But I was saved the trouble of looking for an officer, for one of them,
the purser, came along, collecting tickets. I didn't give him a chance
to ask Scott or any of the other fellows for something that they didn't
have, but went right up to him and told him how the matter stood.

"I must see the captain about this," he said, and off he went.

"He didn't look very friendly," said Scott, and I had to admit that he
didn't.

In a few moments the captain came walking rapidly up to us. He was a
tall man, dressed in blue, with side-whiskers, and an oil-cloth cap.
The purser came up behind him.

"What's all this?" said the captain. "Are you not passengers, you boys?"
He did not look very friendly, either, as he asked this question.

[Illustration: THE VESSEL IS OFF.]

"Two of us are," I said, "but four of us were carried off
accidentally."

"Accident? Fiddlesticks!" exclaimed the captain. "Didn't you know the
vessel was starting? Hadn't you time to get off? Didn't you hear the
gong? Everybody else heard it. Are you all deaf?"

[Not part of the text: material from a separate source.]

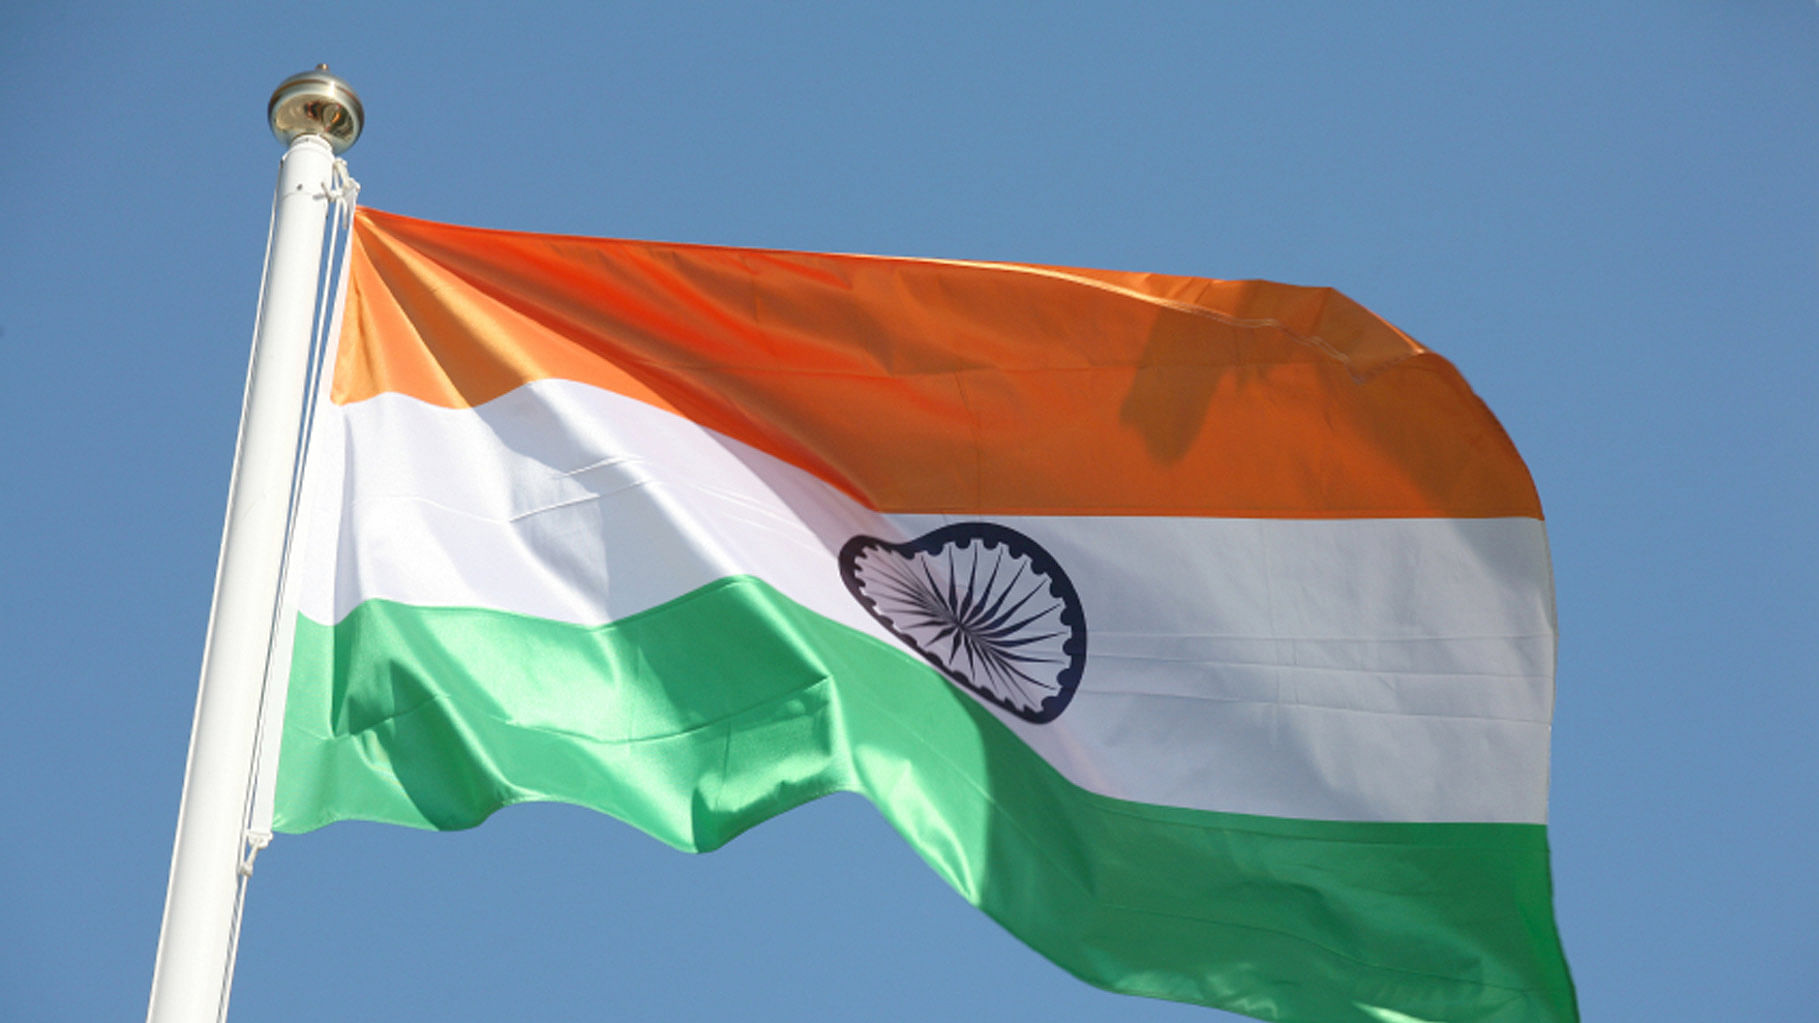 The Indian flag. (Photo: iStockPhoto)

This was a good deal to answer at once, so I just said that I didn't
remember hearing any gong. Tom Myers and his brother George, however,
spoke up, and said that they had heard a gong, they thought, but did not
know what it was for.

"Why didn't you ask, then?" said the captain, who was getting worse in
his humor. I had a good mind to tell him that it would take up a good
deal of the crew's time if Tom Myers and his brother George asked about
everything they didn't understand on board this ship, but I thought I
had better not. I have no doubt the gong sounded when we were having our
row in the state-room, and were not likely to pay attention to it even
if we did hear it.

"And why, in the name of common sense," the captain went on, "didn't you
come and report, the instant you found the vessel had started? Did you
think we were fast to the pier all this time?"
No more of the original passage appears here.